Ortaçağda manastırlar insanlar için bir sığınaktı. Lordların ve prenslerin hışmından kaçarak sığındıkları yerlerdi. Aşırı yoksulluk yaşadıkları durumda yemek ve korunma aradıkları yerlerdi. Manastırlar açlara ekmek ve gıda vermekten kaçınmazdı. Unutmayalım ki Ortaçağda günümüzdeki gibi bir ticaret yoktu. Her bir çiftlik, her bir manastır, serflerin ve zanaatçıların emeği sayesinde kendisi için bolca üretim yapıyordu. Çoğu kez ertesi yıllar için ayrılan erzağın satılabileceği bir yer yoktu. Keşişlerin tüketimi için ihtiyaç duyulandan fazla mısır, sebze, odun ürettiklerinde ellerindeki fazlalığın bir değeri yoktu.  Çünkü alıcısı yoktu ve tüm ürünlerin saklanması da mümkün değildi. Bu koşullarda manastırlar yoksullarına isteyerek bakıyordu, zaten serflerinden almış olduklarının sadece küçük bir bölümünü onlara sunmuş oluyorlardı. (Bu dönemde her yerde gelenek böyleydi, soylulara ait neredeyse her çiftlik benzer davranıyordu.) Aslında manastırlar bu yardımseverliklerinden ciddi bir çıkar elde ediyordu; yoksullara kapılarını açmakla ün salarak, zenginlerden ve güçlülerden büyük hediyeler ve miraslar alıyorlardı. Kapitalizmin ve değişim için üretimin ortaya çıkması ile her bir nesne bir fiyata sahip oldu ve mübadele edilebilir oldu. İşte o anda manastırlar, soyluların malikâneleri ve kiliseler hayır işlerini bıraktılar. İnsanların artık sığınacakları bir yer yoktu. İşte bu da, diğer sebeplerin yanı sıra, 18. Yüzyılda kapitalizmin başlangıcında, işçiler henüz haklarını savunmak için örgütlenmemişlerken, yoksulluğun dehşet verici boyutlara varmış olmasının ve insanlığın Roma İmparatorluğu dönemindeki günlere geri dönmüş gibi görünmesinin bir sebebidir. Ama Katolik Kilise eski dönemlerde komünizm, eşitlik ve kardeşlik vaaz ederek Roma proleteryasına yardım etme rolünü üstlenirken, kapitalist dönemde ise tümüyle farklı bir şekilde davranmaktaydı. Her şeyden önce ucuz işçi çalıştırarak insanların yoksulluğundan çıkar elde ediyordu. Manastırlar tam bir kapitalist sömürü cehennemi haline geldi; daha da beterdiler çünkü kadın ve çocuk emeği kullanıyorlardı.

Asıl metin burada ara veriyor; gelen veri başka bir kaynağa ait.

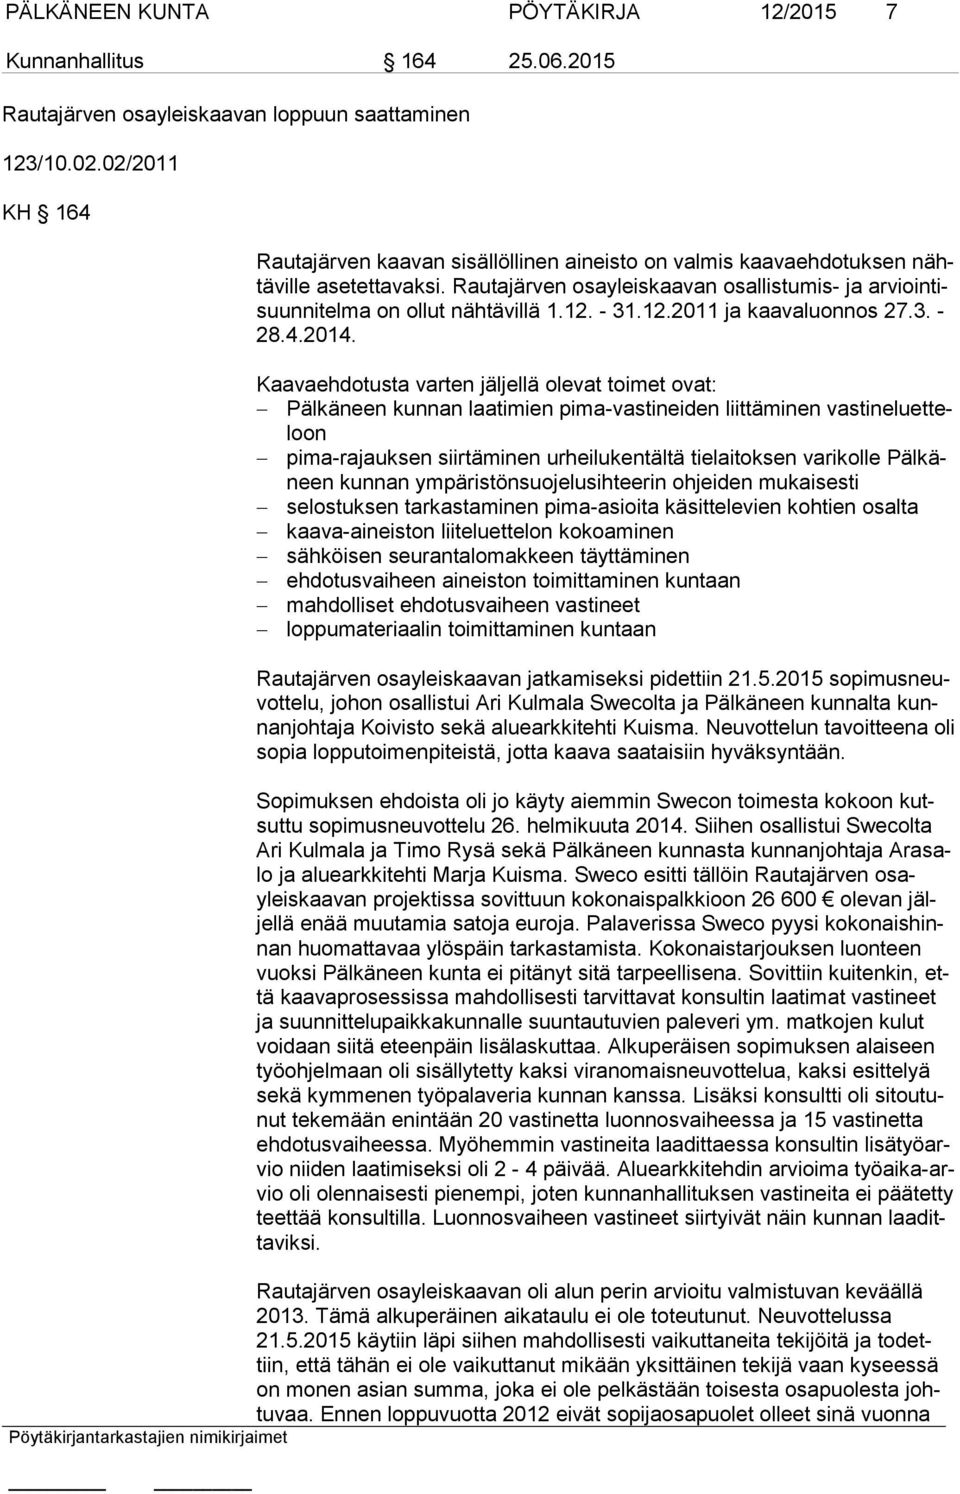 Rautajärven osayleiskaavan osallistumis- ja ar vioin tisuun ni tel ma on ollut nähtävillä 1.12. - 31.12.2011 ja kaavaluonnos 27.3. - 28.4.2014.

Fransa’da 1903’te İyi Çoban Manastırına karşı açılmış olan bir dava bu kötü muamelelerin çarpıcı bir örneğini gözler önüne sermektedir.  Burada 12, 10 ve 9 yaşında küçük kızlar dinlenmeden, berbat koşullarda, gözleri ve sağlıkları bozularak çalışmaya zorlanmışlar, kötü beslenmişler ve disiplin cezası olarak hapis cezaları ile cezalandırılmışlardır.

Bugün Fransa’da manastırlar hemen tümüyle ortadan kalkmıştır ve Kilise doğrudan kapitalist sömürü olanağını kaybetmiştir. Aşar vergisi ve serflerin çalıştırılması da benzer şekilde uzun süredir söz konusu değildir. Ancak bu ruhban sınıfının başka yollarla işçi sınıfından para sızdırmasına engel değildir, özellikle de ayinler, evlilikler, cenazeler ve vaftizler yoluyla. Ve ruhban sınıfını destekleyen hükümetler de insanları bu haraçları ödemeye zorlamaktadır. Dahası dinin kişisel bir konu olduğu ABD ve İsviçre dışındaki bütün ülkelerde Kilise Devletten büyük miktarlarda para almaktadır ve bu meblağlar da şüphesiz halkın ağır çalışması yoluyla elde edilmektedir. Örneğin Fransa’da ruhban sınıfın harcamaları yılda 40 milyon Frank tutmaktadır.[6]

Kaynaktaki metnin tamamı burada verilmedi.